Energy in capacitors in complicated circuit

[Mårten]

Okey guys, here's another difficult capacitor circuit... :yuck:

Homework Statement

Find the proportions (the quotient) between the energies in the two capacitors when the switch is closed in the circuit below.

Homework Equations

(1) C = Q / V
(2) W = CV^2
(3) Current division (maybe?): I2 = I*R1/(R1+R2)
Ohm's and Kirchhoff's.
And maybe some others...?

The Attempt at a Solution

I tried to find the potential over each capacitor, because then I could use equation (1) and (2) above and find the solution. But I don't know how to get grip of the potentials. It's hard to do any potential walk here, cause there's so many branches all over the place...

The key said this:
W1 = 1/2 * C1 * U1^2 = 1/2 * C1 * (R1*I)^2
W2 = 1/2 * C2 * U2^2 = 1/2 * C2 * (R2*I)^2
=> W1/W2 = C1*R1^2 / (C2*R2^2)

4. Questions
a) According to the key, U1 and U2 (which I suppose are over the capacitors, the key doesn't tell) equals R1*I and R2*I respectively. How could that be? Why is not R3 included?

b) What's happening when the switch is closed? Is the battery driving current through the capacitors, or is the capacitors driving current, i.e., they are being discharged? How can you see that in that case? Isn't the battery still trying to hold the charges on the capacitors at place?

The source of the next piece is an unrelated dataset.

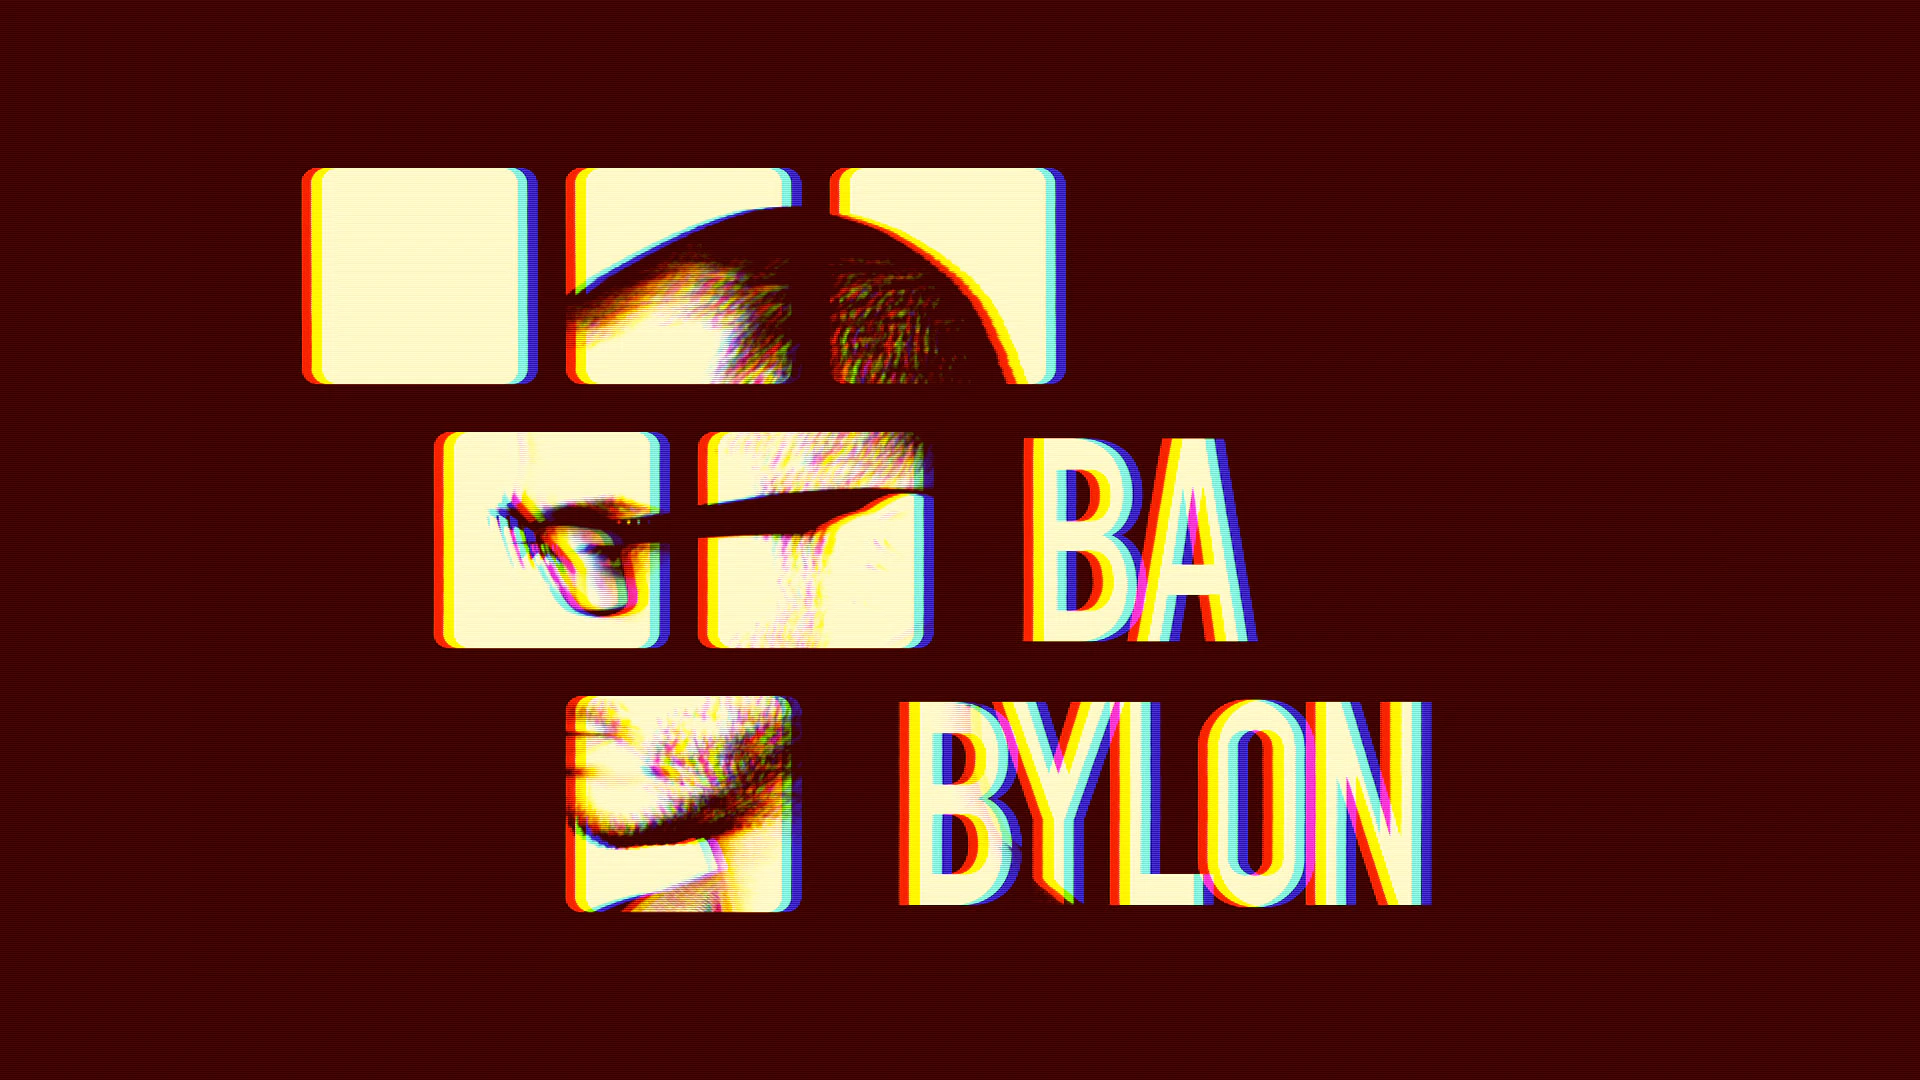 Music Video: Babylon

c) How to approach a problem like this in general... (if it's not evident from a) and b))

 

[LowlyPion]

Okey guys, here's another difficult capacitor circuit... :yuck:

Homework Statement

Find the proportions (the quotient) between the energies in the two capacitors when the switch is closed in the circuit below.

Homework Equations

(1) C = Q / V
(2) W = CV^2
(3) Current division (maybe?): I2 = I*R1/(R1+R2)
Ohm's and Kirchhoff's.
And maybe some others...?

The Attempt at a Solution

I tried to find the potential over each capacitor, because then I could use equation (1) and (2) above and find the solution. But I don't know how to get grip of the potentials. It's hard to do any potential walk here, cause there's so many branches all over the place...

The key said this:
W1 = 1/2 * C1 * U1^2 = 1/2 * C1 * (R1*I)^2
W2 = 1/2 * C2 * U2^2 = 1/2 * C2 * (R2*I)^2
=> W1/W2 = C1*R1^2 / (C2*R2^2)

4. Questions
a) According to the key, U1 and U2 (which I suppose are over the capacitors, the key doesn't tell) equals R1*I and R2*I respectively. How could that be? Why is not R3 included?

b) What's happening when the switch is closed? Is the battery driving current through the capacitors, or is the capacitors driving current, i.e., they are being discharged? How can you see that in that case? Isn't the battery still trying to hold the charges on the capacitors at place?

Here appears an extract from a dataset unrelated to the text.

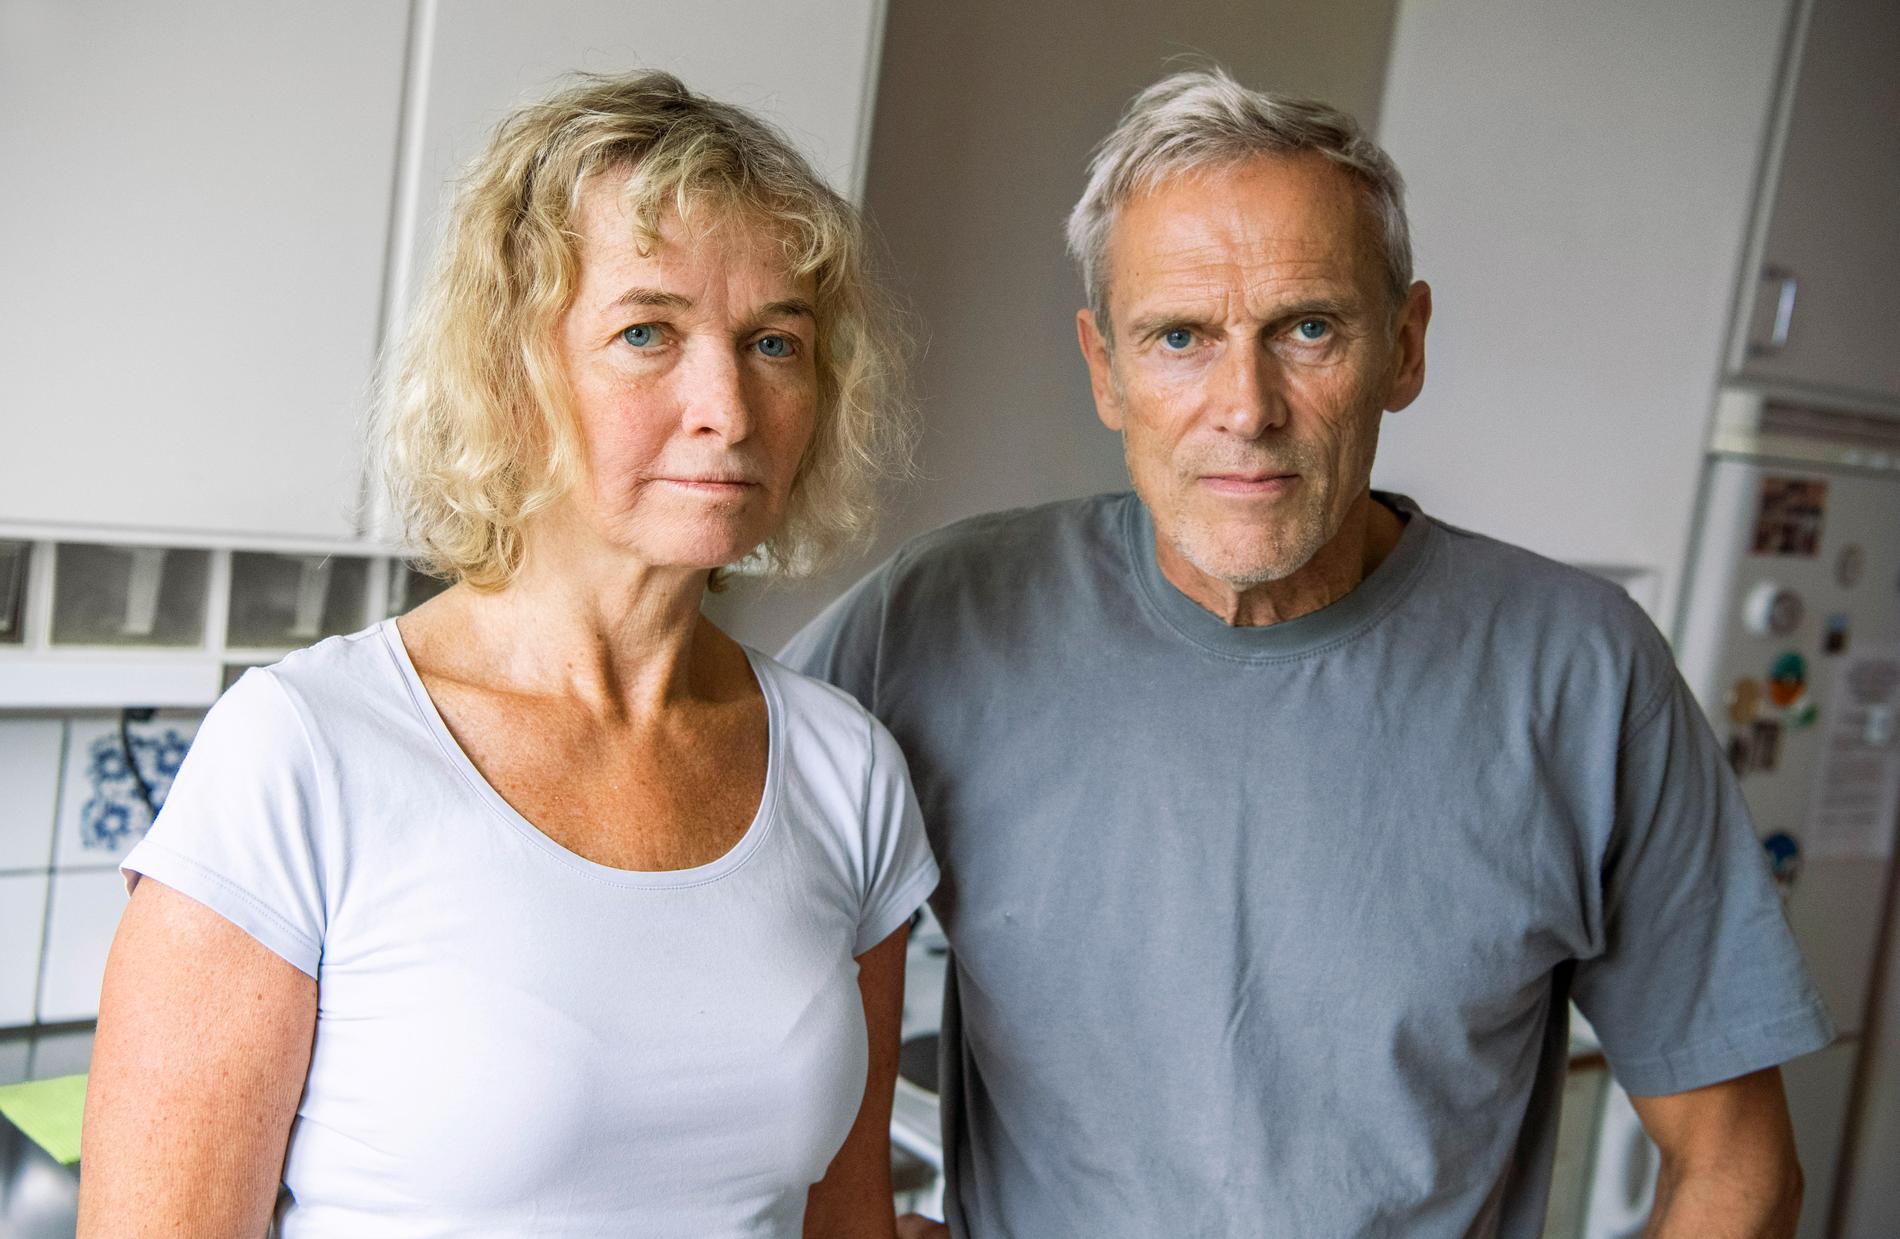 Jan Bagge och Maria Nylander, som bor i Bergshamra, riskerar en 60 procentig hyreshöjning efter en renovering av sin lägenhet.

c) How to approach a problem like this in general... (if it's not evident from a) and b))

The most important thing to know about this problem is that the voltage is fixed. When the switch is closed there are transient currents and voltages at various points that will flow to allow the network to settle to the new equilibrium. Happily you may ignore them given the statement of the problem.

Hence what you are dealing with then is the steady state DC flow of the current at Equilibrium, which was what it was before the switch closed. The key voltage distribution then is V1 across R1 and C1 and V2 the voltage across R2 and C2. (With no current flowing in R3 once at the new equilibrium you may ignore its effect all together.)

Knowing the voltage across each capacitor then allows you to calculate the charge on each and hence to return the Quotient that the question requires.

 

[baba89]

I would approach this problem by first analyzing the circuit and identifying all the components and their connections. From there, I would use Kirchhoff's laws and Ohm's law to determine the current and potential differences in each branch of the circuit.

Next, I would use the equations (1) and (2) to calculate the energy stored in each capacitor. The key provided a way to do this, but I would also try to understand the reasoning behind it.

To answer your specific questions:

a) The key is using the fact that the current in a series circuit is the same throughout, so the current through R1 and R2 is also the current through C1 and C2. The potential difference across a resistor is given by Ohm's law (V=IR), so U1 = R1*I and U2 = R2*I. R3 is not included because it is in parallel with C2, so the current through R3 does not affect the potential difference across C2.

b) When the switch is closed, the battery is driving current through the circuit, including the capacitors. However, as the capacitors charge up, the current decreases until it reaches 0. At that point, the capacitors are fully charged and the battery is no longer driving current. The battery is still trying to hold the charges on the capacitors in place, but as long as the switch is closed, the charges will remain on the capacitors.

c) In general, approaching a problem like this involves understanding the fundamental principles of circuits and using Kirchhoff's laws and Ohm's law to analyze the circuit. It also helps to have a good understanding of how capacitors work and how they store energy. Practice with similar problems can also help improve problem-solving skills.